昨年、脳梗塞を発症されて、闘病生活を続けられていたものの、時に車椅子に乗って大学にも姿を見せられ、日本産ゾウムシ類の研究を続けられていたらしい。

日本産ゾウムシ総説3冊目となるキクイゾウムシ科の完成が間近と伺っていたので、特に残念な気がする。先生も心残りであられただろうと思う。

逝去される直前の4月15日から8月30日まで、九州大学総合博物館常設展示室において、「特別展示 森本 桂コレクションとゾウムシ学」の展示が行われていた。

(パンフ表紙)































森本先生は1934年高知県生まれ、1952年九州大学農学部に入学。ゾウムシ類の比較形態学を研究。1956年卒業。

"先生の存在を知る"

先生は1961年農林省に就職され、熊本市立田山の林業試験場でマツの害虫とシロアリの分類を研究。松食い虫として有名なマツノマダラカミキリがマツノザイセンチュウの運び屋として、マツ枯れの主要な原因になったという研究結果を発表。

その報告を元に、全国の松林で松食い虫の撲滅のために薬剤の空中散布が行われた。
私と先生の最初の接点は、この空中散布だった。

私は1949年生まれで、先生よりは15歳年下、大学入学後、当時ブームとなっていたカミキリムシの採集に夢中になった。カミキリ幼生期の権威 小島圭三先生に指導していただいて、当時、カミキリの幼生期を解明すべく採集を続けていた。

(トゲムネミヤマカミキリの報告のタイトル)










(付図と説明)

























大学卒業後、実家を継ぐことになり長崎県島原市に帰郷したが、毎日、頭上にヘリコプターが飛び回り、山は立ち入り禁止で、薬剤の空中散布が行われていた。
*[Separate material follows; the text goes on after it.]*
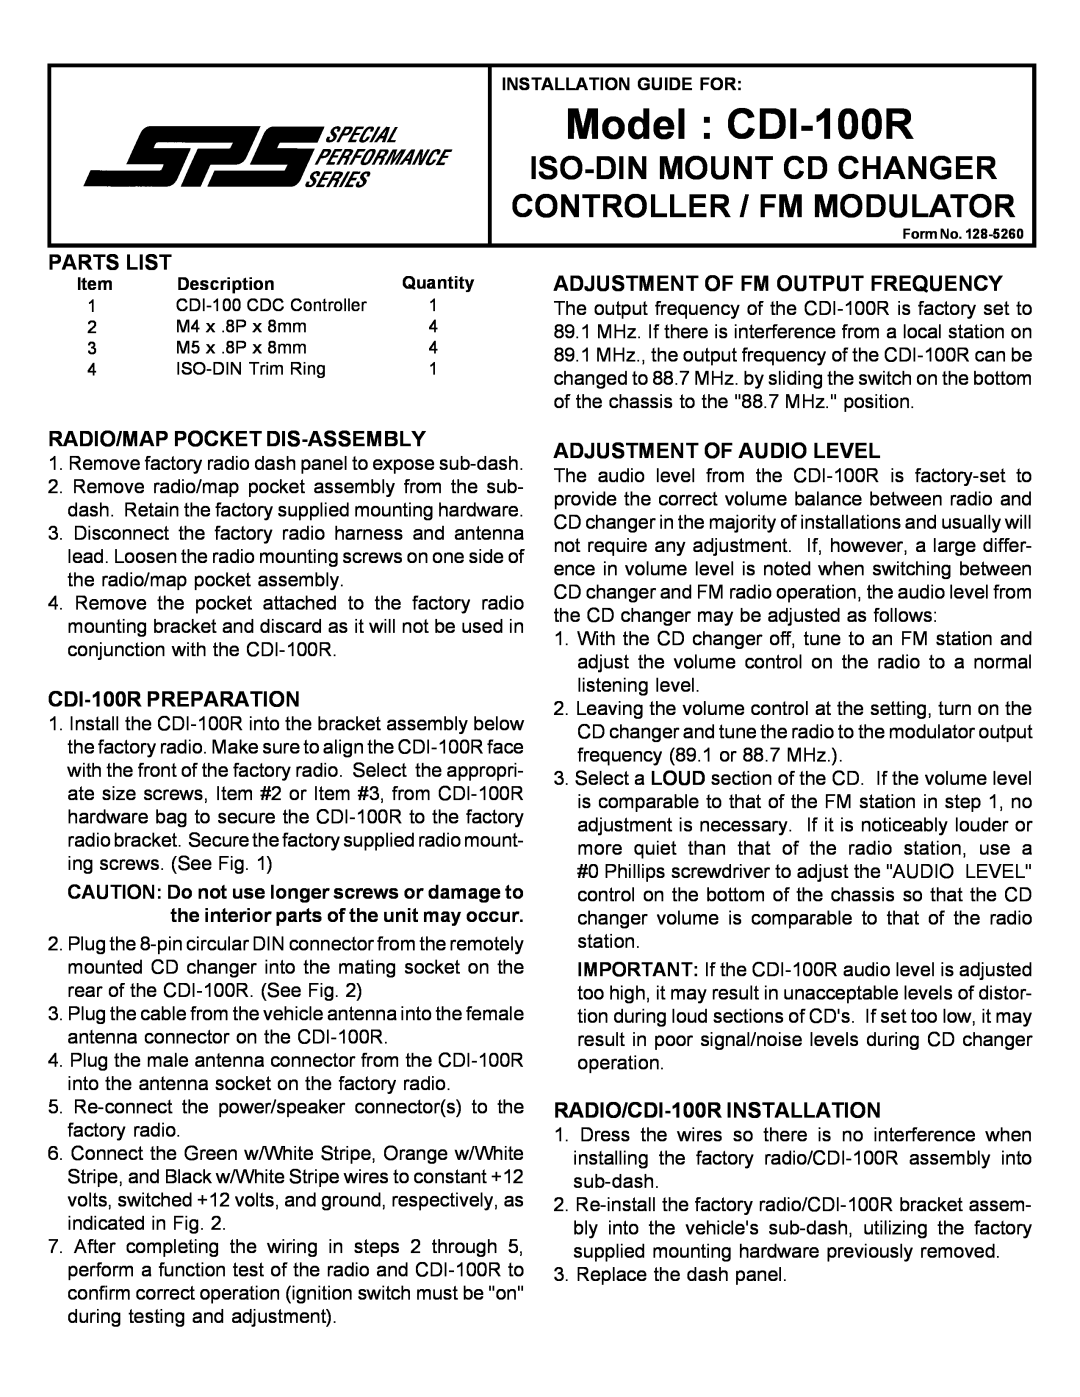 Audiovox manual Model CDI-100R, Iso-Dinmount Cd Changer Controller / Fm Modulator, Parts List, CDI-100RPREPARATION 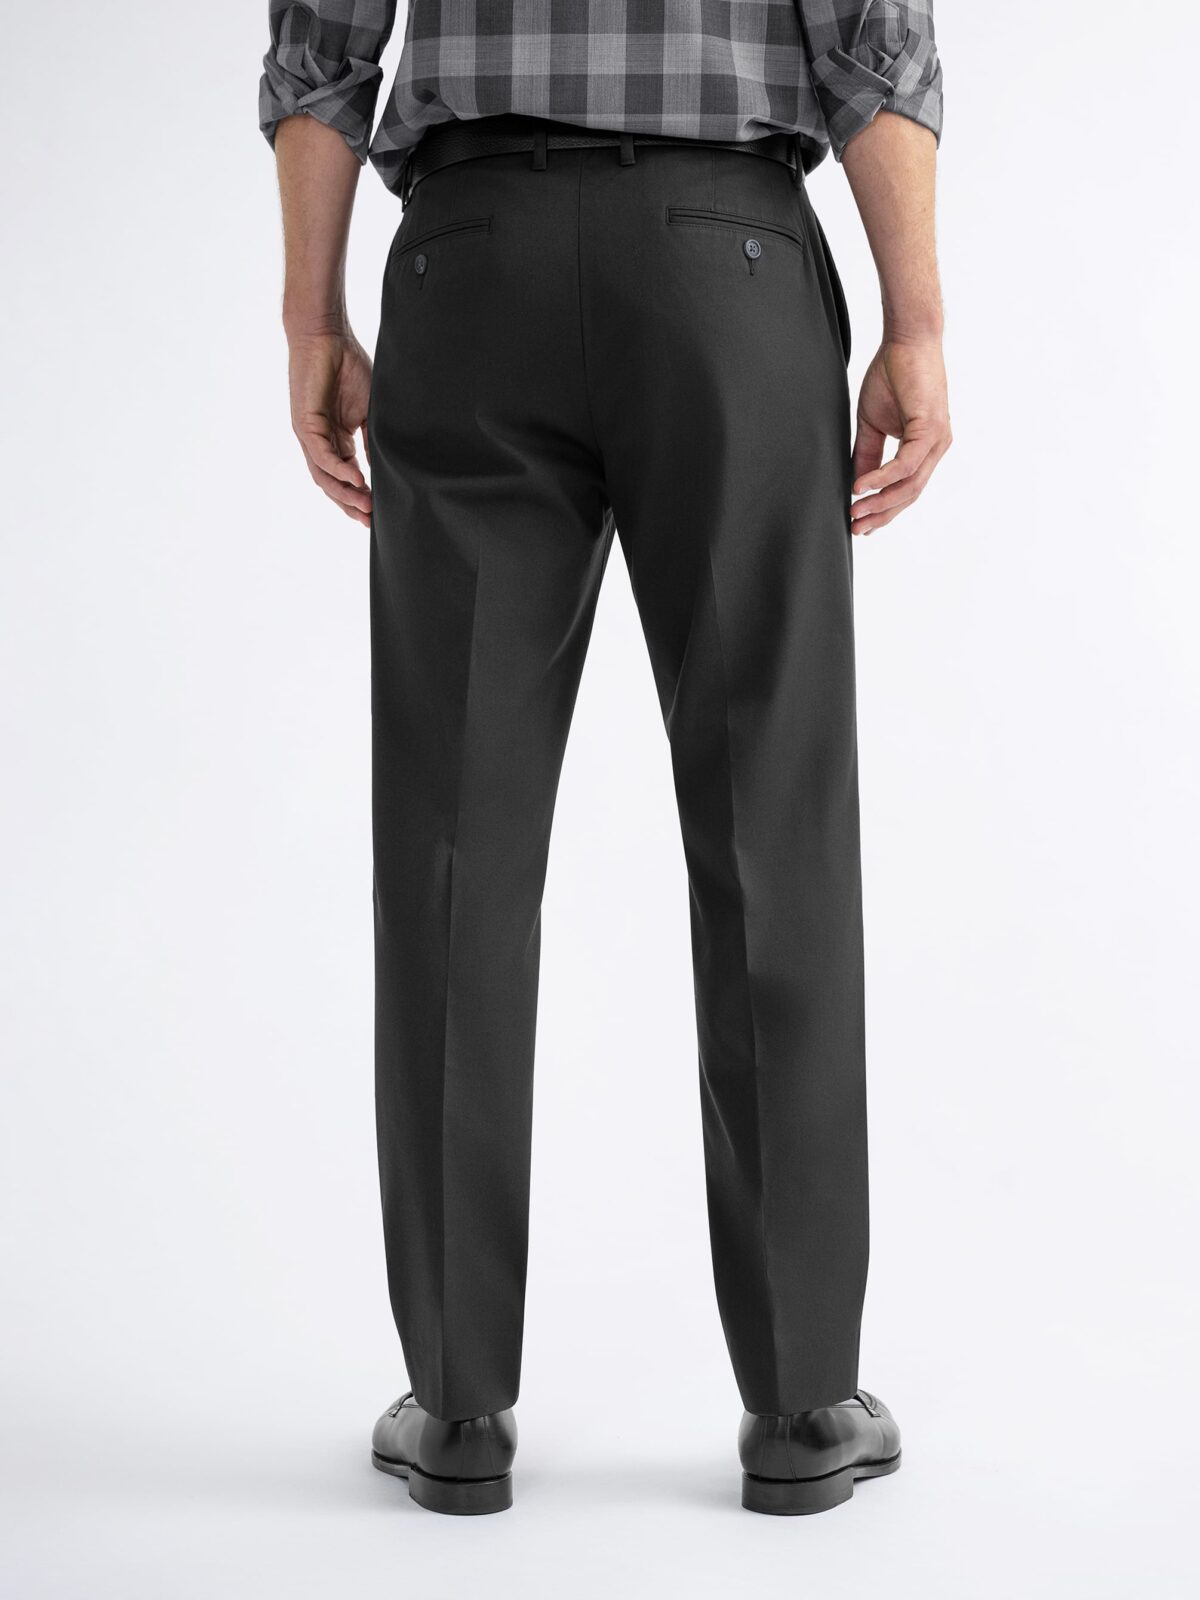 Versa Black Washable Cotton Stretch Pant - Custom Fit Pants

若くて、ナチュラリストを自認していた私としては、この空中散布は諸悪の根源であるように思われた。そして、地元の島原新聞に、1973年6月20日と21日の2回に分けて「自然は再生できない=島原の農薬空中散布について=」と言う1文を寄稿した。

(1973年6月20日付島原新聞)























そして、この空中散布の根拠を与えた研究者が森本先生であることを突き止めたので、この新聞を同封して、空中散布を止めさせていただきたいとの要望の手紙を書いた。
しかし、先生から返事が来ることは無かった。

"先生にゾウムシを見ていただく"

それから5年が経った1978年に、先生は九州大学農学部昆虫学教室に助教授として着任された。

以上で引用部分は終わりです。